• Lutar contra mentiras nas redes sociais é como enxugar gelo

    612 Jornal A Bigorna 06/09/2023 17:00:00

    Que inferno. Não aguento mais ver propagandas falsas postadas em meu nome nas redes sociais, com foto minha, frases editadas e até com uma voz que imita a minha, obtida com recursos da inteligência artificial.

    Os falsários anunciam remédios para curar diabetes, acabar com dores na coluna, garantir ereção, emagrecer dez quilos em uma semana, cremes para rejuvenescer e o diabo que os carregue.

    Ao lado desses estelionatários empenhados em explorar a ingenuidade alheia para ganhar dinheiro, estão as redes sociais, que se locupletam às custas deles.

    Explico melhor. Para que seus produtos atinjam o maior número de vítimas, o estelionatário divulga os conteúdos de forma orgânica (sem custo), mas ao mesmo tempo paga para as redes sociais impulsionarem os anúncios. Imediatamente, os algoritmos do Instagram, Facebook, Twitter (hoje X) e TikTok distribuem os posts para atingir milhões de pessoas, com base nos interesses do usuário. Como muitos dos que caem na armadilha repassam esses posts, outros milhões de ingênuos serão atingidos em cadeia, em poucos minutos.

    Indignados, muitos amigos e conhecidos me enviam essas propagandas mentirosas certos de que eu poderia retirá-las junto às redes que as publicaram. Ledo engano. É enxugar gelo.

    Em nosso portal de saúde, temos técnicos encarregados de monitorar esse uso criminoso de minha imagem. A única alternativa é a de denunciar o crime às plataformas, para que elas analisem a razão e a procedência da denúncia. De uns meses para cá, tais propagandas fakes são tantas que chegamos a encaminhar vários pedidos por dia. Explicamos que não se trata apenas do uso criminoso da imagem de um médico que jamais faria propaganda de medicamentos, mas de ameaça à saúde pública. Ninguém tem ideia da procedência nem da toxicidade do produto que está sendo vendido.

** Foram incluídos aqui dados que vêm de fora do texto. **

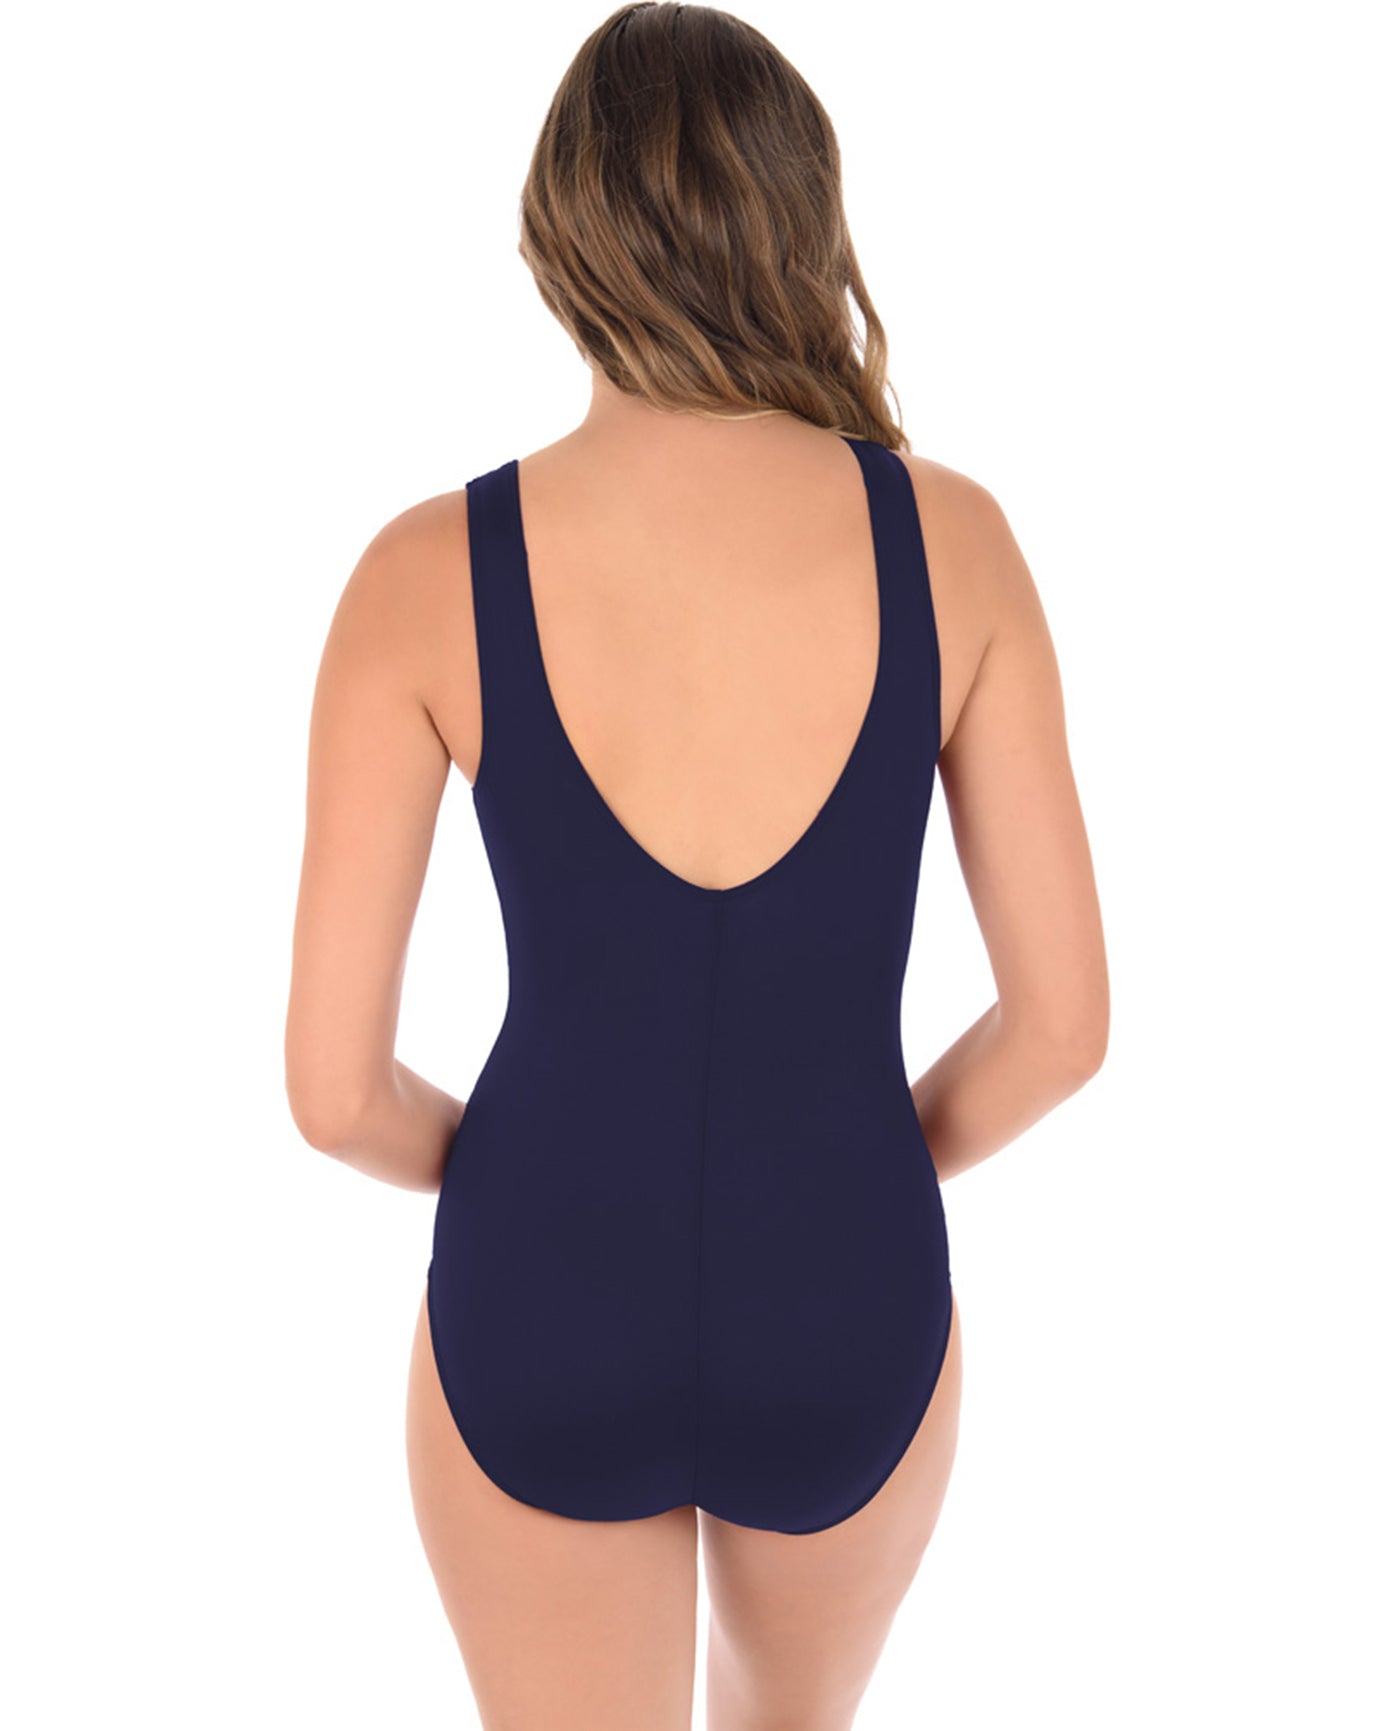 Back View Of Miraclesuit Illusionist Black Palma Mesh High Neck One Piece Swimsuit | MIR Midnight Blue

    Nós enviamos imediatamente a reclamação, as justificativas e o pedido de retirada, mas as plataformas responderão quando quiserem e se quiserem. Quase nunca se dignam a responder. Na melhor hipótese o fazem por meio de um robô que diz algo como: "avaliamos sua denúncia, seguimos em conformidade com nossas diretrizes". Em outras palavras: não é problema nosso, o azar é seu.

    Quando entregamos a reclamação para um advogado, ele descobre que o perfil de quem praticou o crime pertence a uma conta comercial vazia ou a emails falsos —a plataforma sequer se dá ao trabalho de verificar a identidade de quem lhe pagou.

    Sejamos racionais: se sou omisso ao ver alguém praticar um delito, nosso Código Penal me enquadra como criminoso. Esses crimes praticados em série por falsários, por meio das redes sociais que ganham dinheiro na divulgação deles com o objetivo único de enganar e roubar pessoas de boa-fé, podem ficar impunes?

    Visto que se trata da venda de remédios falsos, desconhecidos, que podem fazer mal aos que fizerem uso deles, não se trata de um atentado à saúde pública?

    Esse drama pessoal que tenho enfrentado nos últimos anos joga luz sobre um problema mais abrangente que é a regulação da internet. As plataformas fogem desse tema como o diabo da cruz. Por que será?

    O que justifica investirem tanto na formação de lobbies tão poderosos para impedir que sejam adotadas medidas legais que as responsabilizem pelo conteúdo publicado? Se eu cometer um crime contra a saúde pública, ofender ou caluniar alguém nesta coluna, prezado leitor, a Folha e eu seremos processados criminalmente.

    O que justifica as plataformas manterem essa conduta inerte e permissiva, capaz de assegurar a veiculação de conteúdos fraudulentos por criminosos que violam expressamente direitos individuais? Como explicar que sejam bem remuneradas por esse trabalho e ainda amparadas pelo privilégio de apenas serem obrigadas a remover um conteúdo falso mediante ordem judicial, que chegará tarde demais?

    Claro que não se trata de coibir a liberdade de expressão por meio de censura prévia, mas de fazer cumprir o Código Penal brasileiro para que as redes sociais proporcionem segurança aos usuários.